Introdução
O respeito à autonomia individual, a liberdade religiosa e o
dever estatal de proteger a vida e a saúde constituem questões centrais nas
sociedades modernas. A tensão entre esses princípios emerge especialmente em
casos que envolvem recusas de tratamentos médicos que podem salvar vidas, como
as transfusões de sangue, rejeitadas por motivos religiosos, como no caso das
Testemunhas de Jeová. A análise comparativa entre o Brasil e a Europa sobre o
tratamento judicial da recusa de transfusões de sangue reflete diferentes
abordagens na harmonização entre a autonomia do paciente e a proteção à vida.
Decisão do Supremo Tribunal Federal: RE 1.212.272 e RE
979742, Tema 952
Em 25 de setembro de 2024, o STF consolidou, no julgamento
dos Recursos Extraordinários 1.212.272 e 979742, a possibilidade de Testemunhas
de Jeová, quando maiores e capazes, recusarem transfusões de sangue com base
na autonomia individual e liberdade religiosa. O Tribunal estabeleceu duas
premissas centrais:
- O
direito de recusar transfusões de sangue com base na liberdade religiosa.
- A
garantia de acesso a tratamentos alternativos disponíveis no Sistema Único
de Saúde (SUS), ou tratamento fora de domicílio, caso necessário.

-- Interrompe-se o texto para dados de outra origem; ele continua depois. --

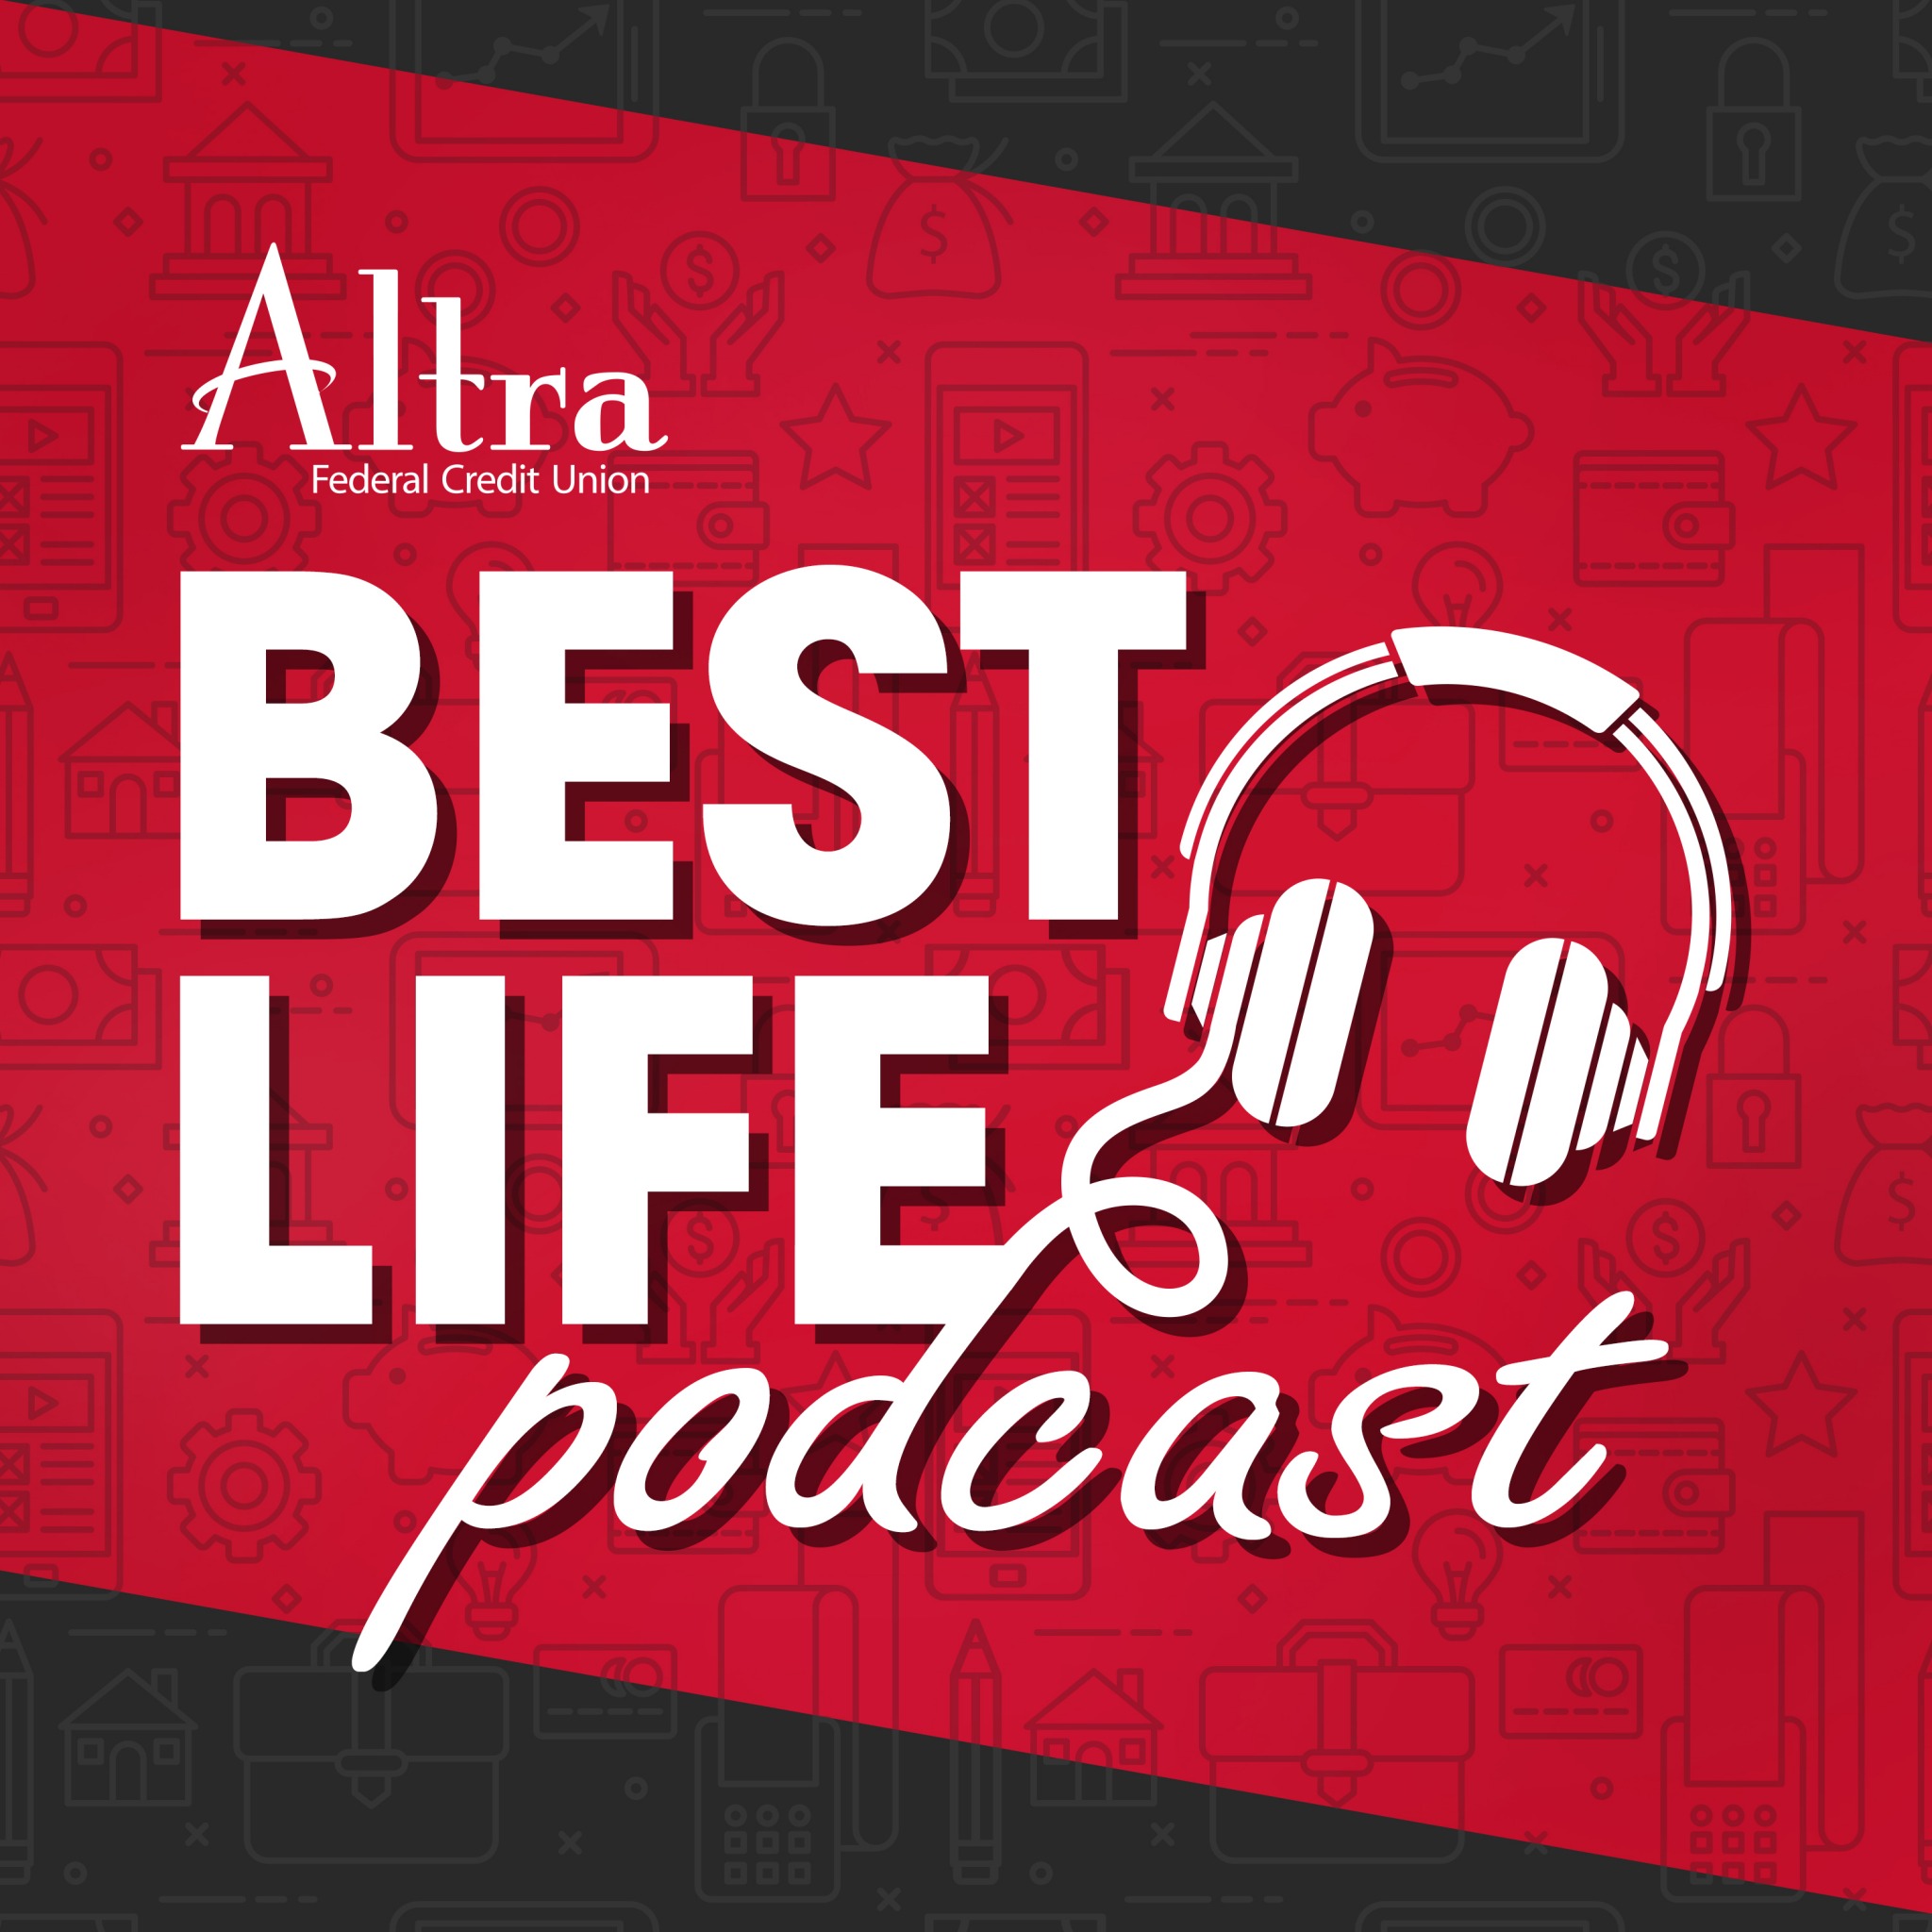 Best Life Podcast | Altra Federal Credit Union
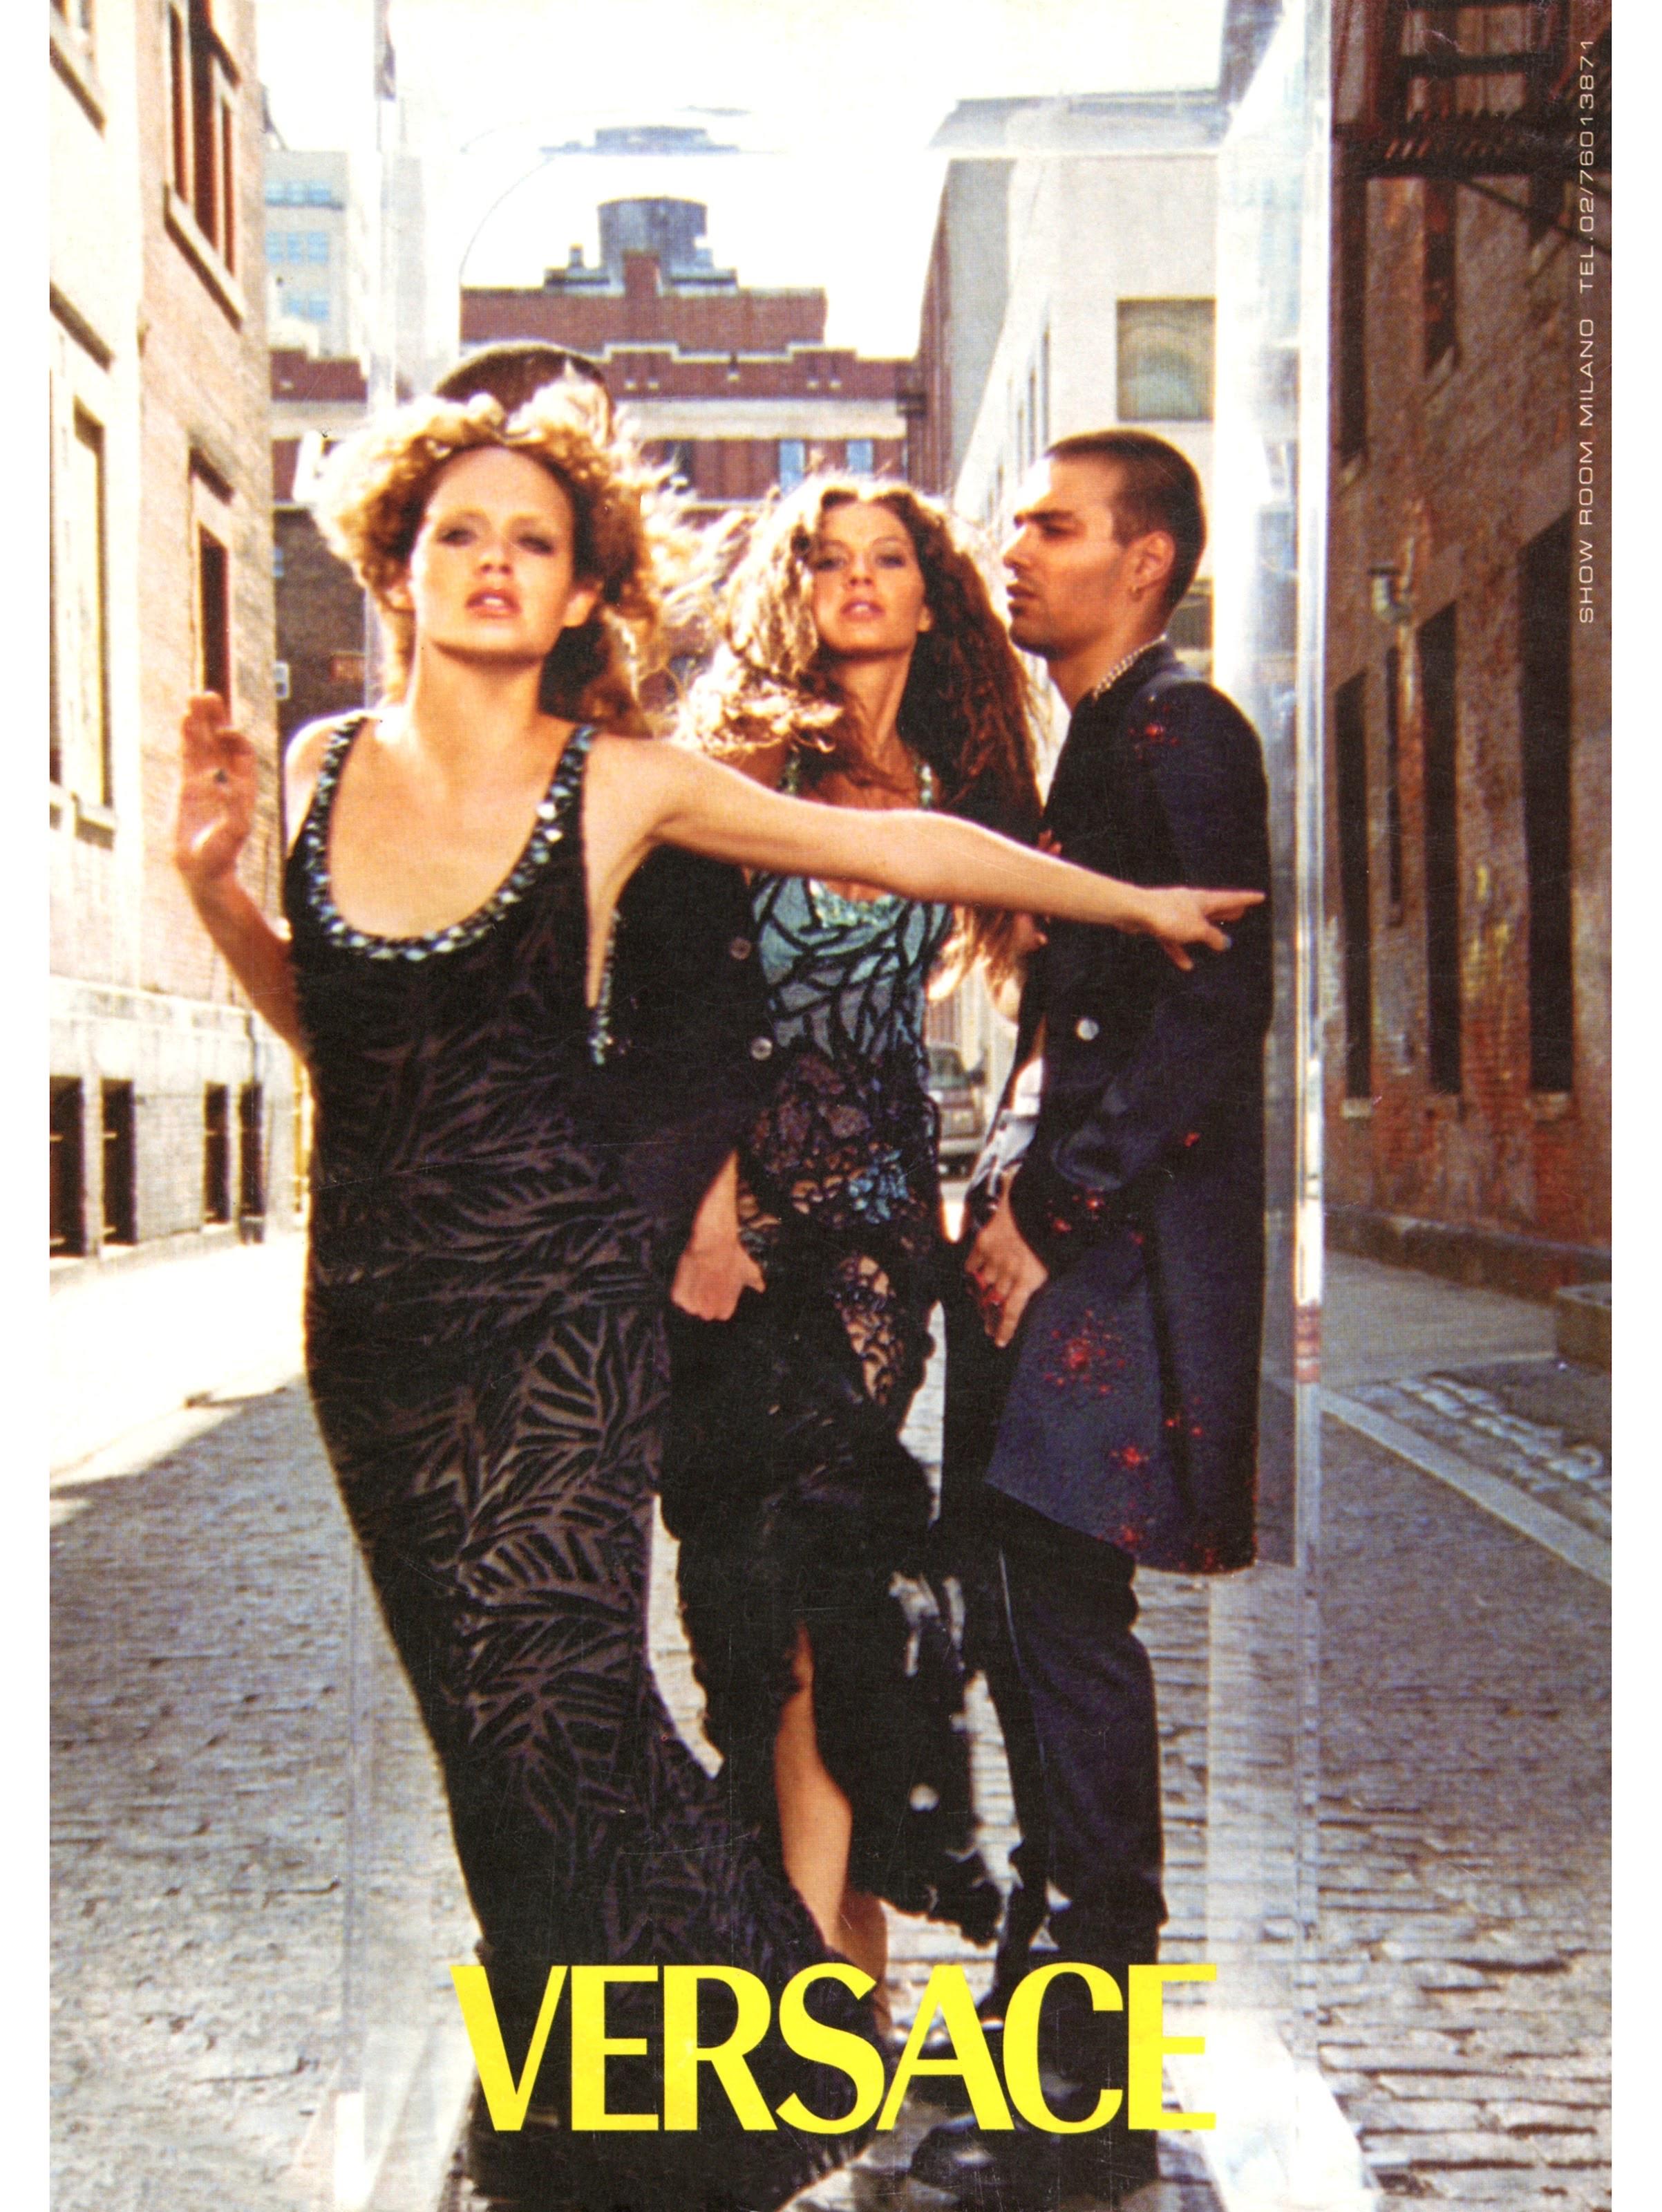 Presenting a beautiful black Gianni Versace strapless dress, designed by Donatella Versace. From the Fall/Winter 1999 collection, the same rhinestone and beading technique was seen on the F/W 1999 menswear collection and in the ad campaign. This

A decisão reafirma o direito constitucional à liberdade de
crença e autonomia pessoal (art. 5º, VI da Constituição), além de destacar a
importância da proteção à saúde, ao garantir o acesso a procedimentos
alternativos no SUS, sem impor tratamentos aos quais o paciente, de forma
consciente, se opõe. No entanto, o acórdão também apresenta implicações nas
esferas civil e penal, sobretudo no que tange à responsabilidade dos
profissionais de saúde e do Estado em casos de negativa de tratamento.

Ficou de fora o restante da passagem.